The album tells a similar, but different story.

It begins with "Tangled Up in Blue," which again tells the whole story of the relationship, but in slices, like a Picasso or a fractured mirror. The other songs go into some element of the story in greater depth. Call it a "concept" album if you will. "Tangled Up In Blue" is the overture.

the end of all our exploring
Will be to arrive where we started
And know the place for the first time.


The lyrics begin with the storyteller reflecting about the girl, after the end of "part two" of the relationship:

"Early one mornin' the sun was shinin'
I was layin in bed, wonderin if she'd changed at all,
if her hair was still red."

(photo:Imax)

(footnote: my wife, my Sad Eyed Lady of the Lowlands, has red hair).

The teller begins reminiscing about "part two" of their relationship, before they got married.
"Her folks they said our lives together, sure was going to be rough" & etc. Basically he was a poor boy, had it hard.
"Lord knows I've paid my dues getting through _ tangled up in blue."

One of the other great things about this song to pay attention to is how long Dylan pauses before heading into the refrain, 'tangled up in blue' _ varying exquisitely, with each verse, for maximum effect.

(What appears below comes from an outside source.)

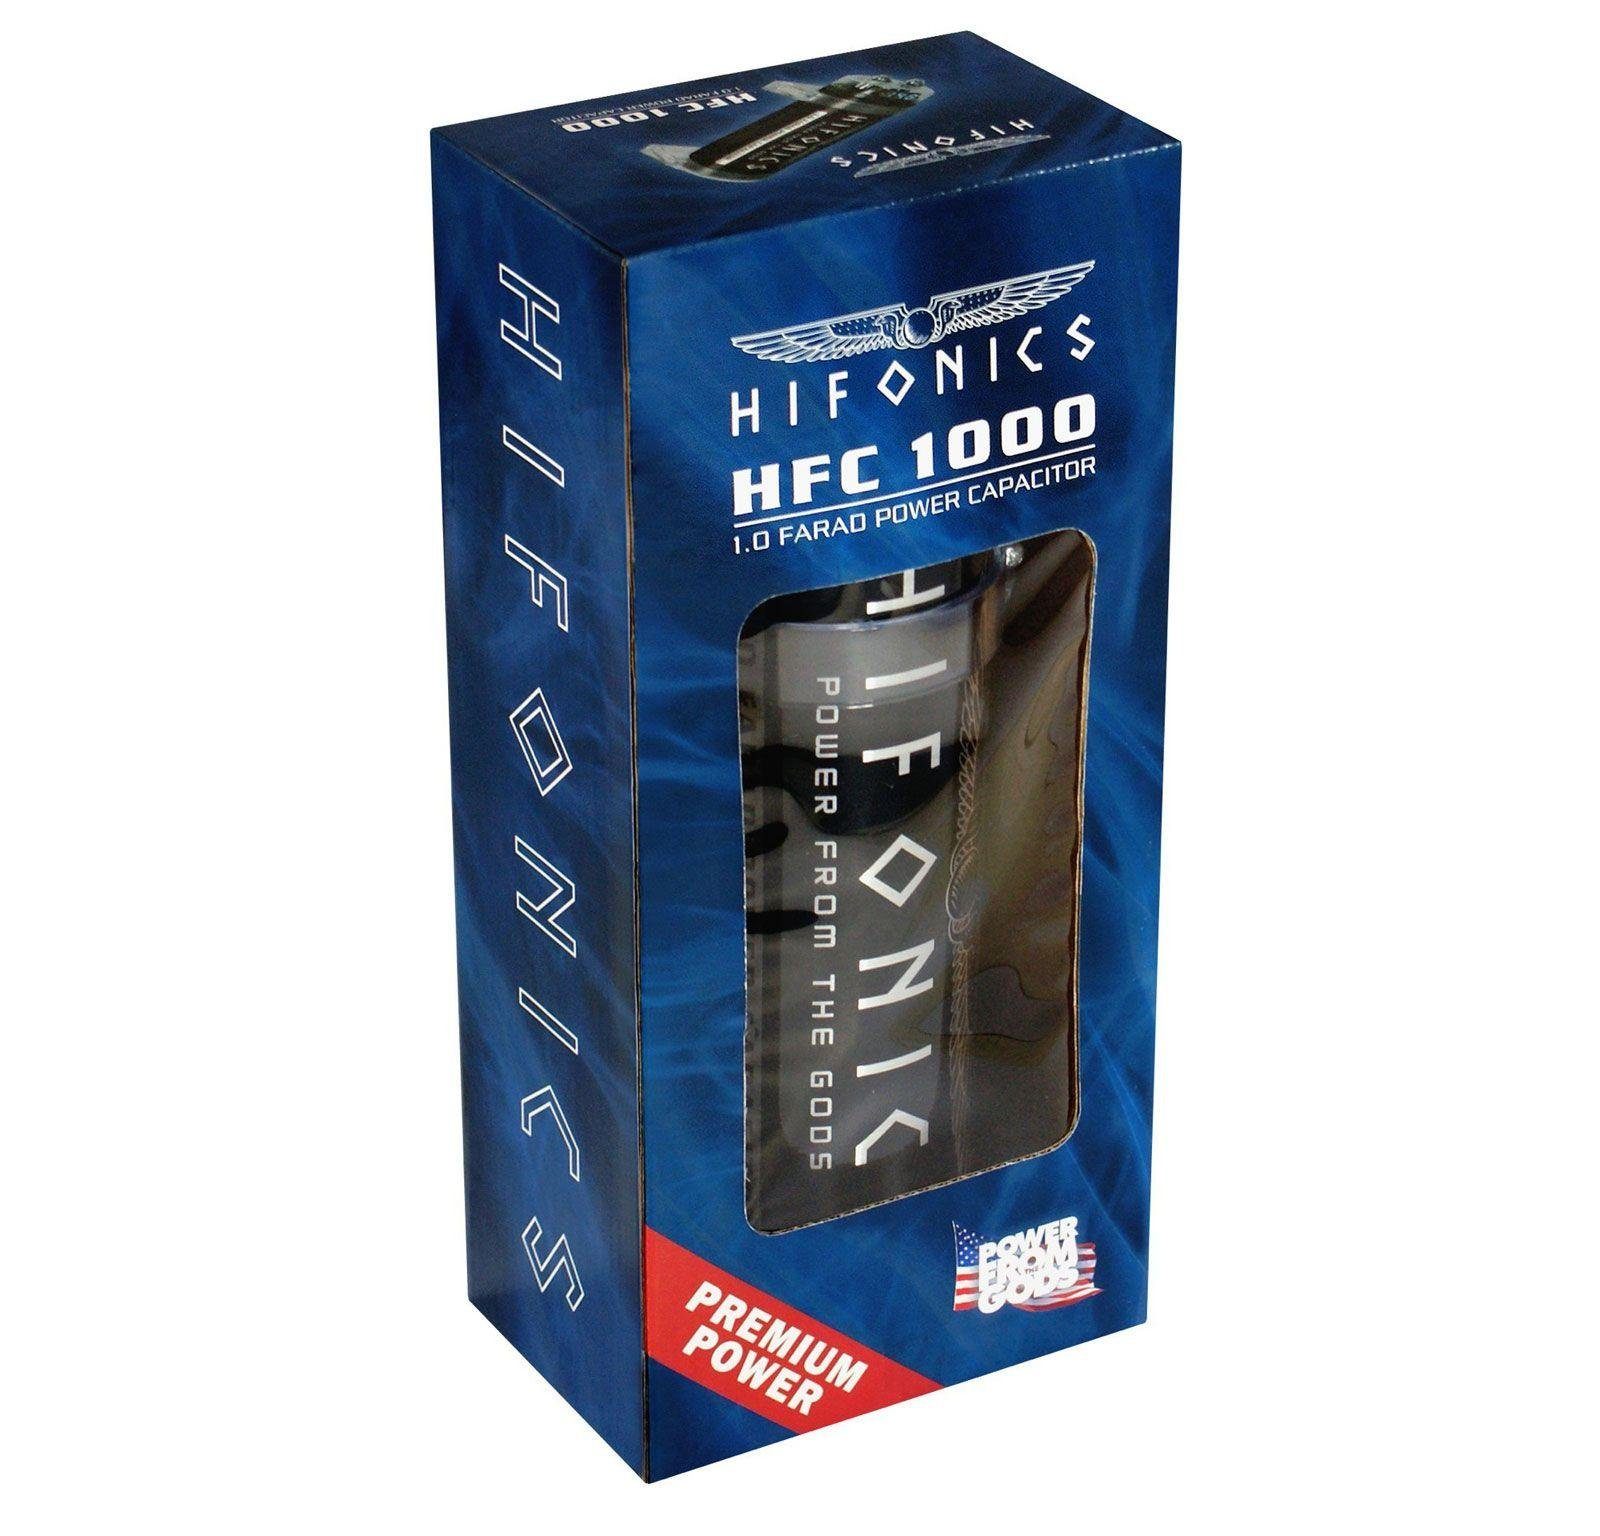 Auto-Subwoofer Farad-Pufferelko Hifonics Cap für 1 1.0 HFC1000 Farad
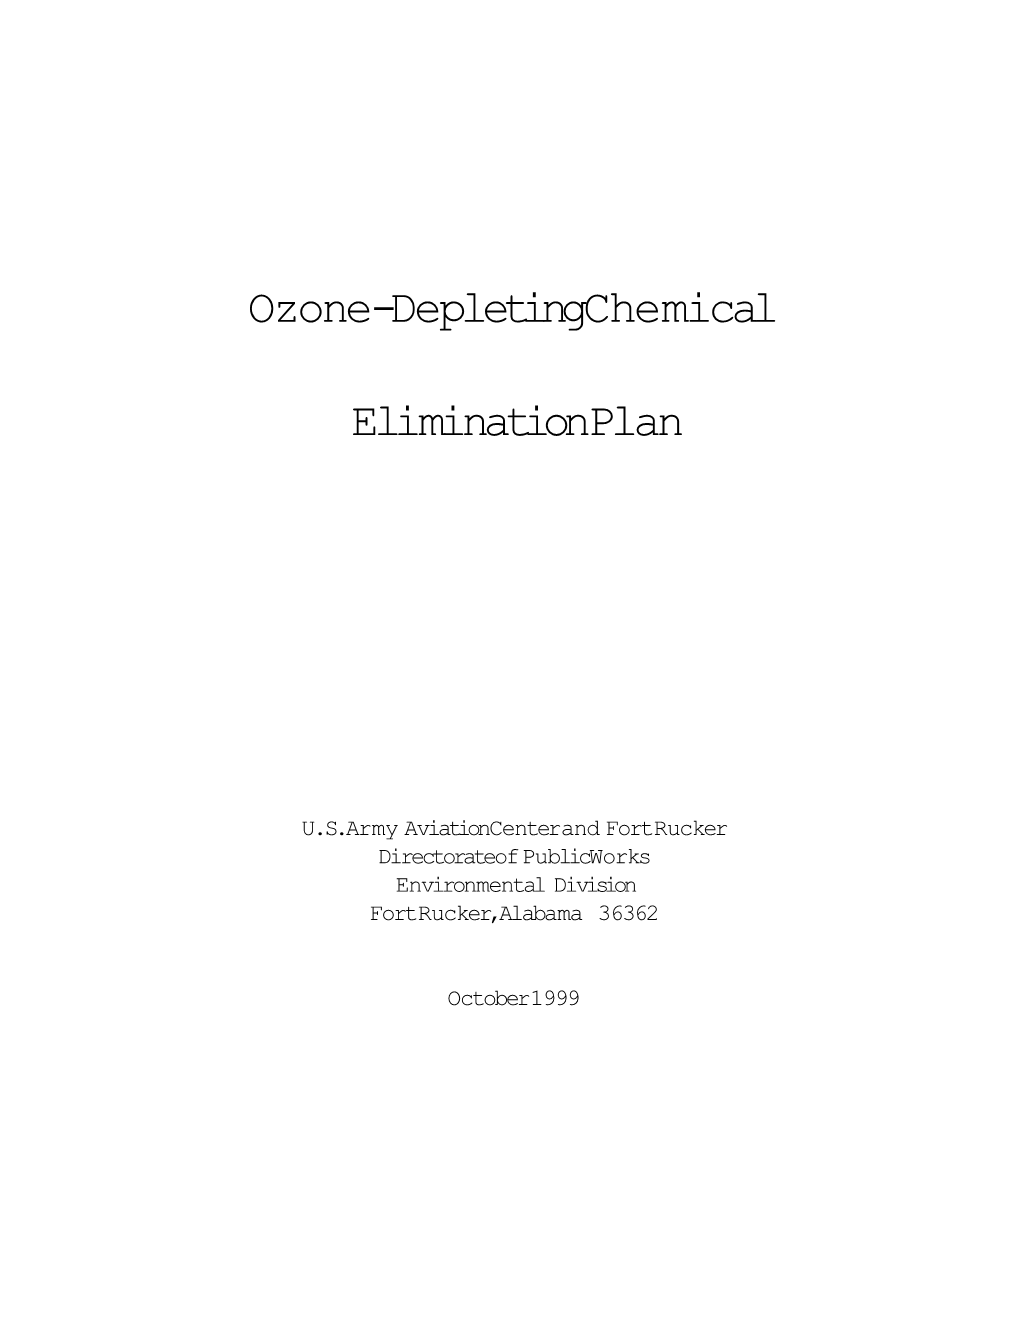 Ozone-Depleting Chemical Elimination Plan

So then the teller launches into the full story, from the beginning of "part one":

"She was married when we first met _ soon to be divorced"
(CLASSIC line!)

(clip)

"Helped her out of a jam I guess, but I used a little too much force.
We drove that car as far as we could, abandoned it out west,
split up on a dark sad night both agreeing it was best
She turned around and looked at me, as I was walking away
I hear her say over my shoulder we'll meet again someday...on the avenue...
tangled up in blue."


So that's the first meeting and breakup.

Then there's a verse describing his travels without her. I think this would stand alone as poetry, no? You have to speak it with a drawl for the rhyme scheme to work...maybe you have to be American to appreciate how well Dylan captures Southern expressions. I alter the spellings from 'proper' English to give the flavor.

(clip)

"I had a job in tha Great Nawth Woods, workin as a cook for a spell
But I never did like it awl that much and one day the axe jus' fell.
So I drifted down to New Orleans
Where I'z lucky 'nuff to be employed
Workin' for a while on a fishin' boat
Right outside of Delacroix.
But all the while I was alone
The past was close behind,
I seen a lot of women
But she never 'scaped my mind and I jus' grew
tangled up in blue."


(photo:eyestalk)

Then the story moves to their second meeting, with her working in a topless bar.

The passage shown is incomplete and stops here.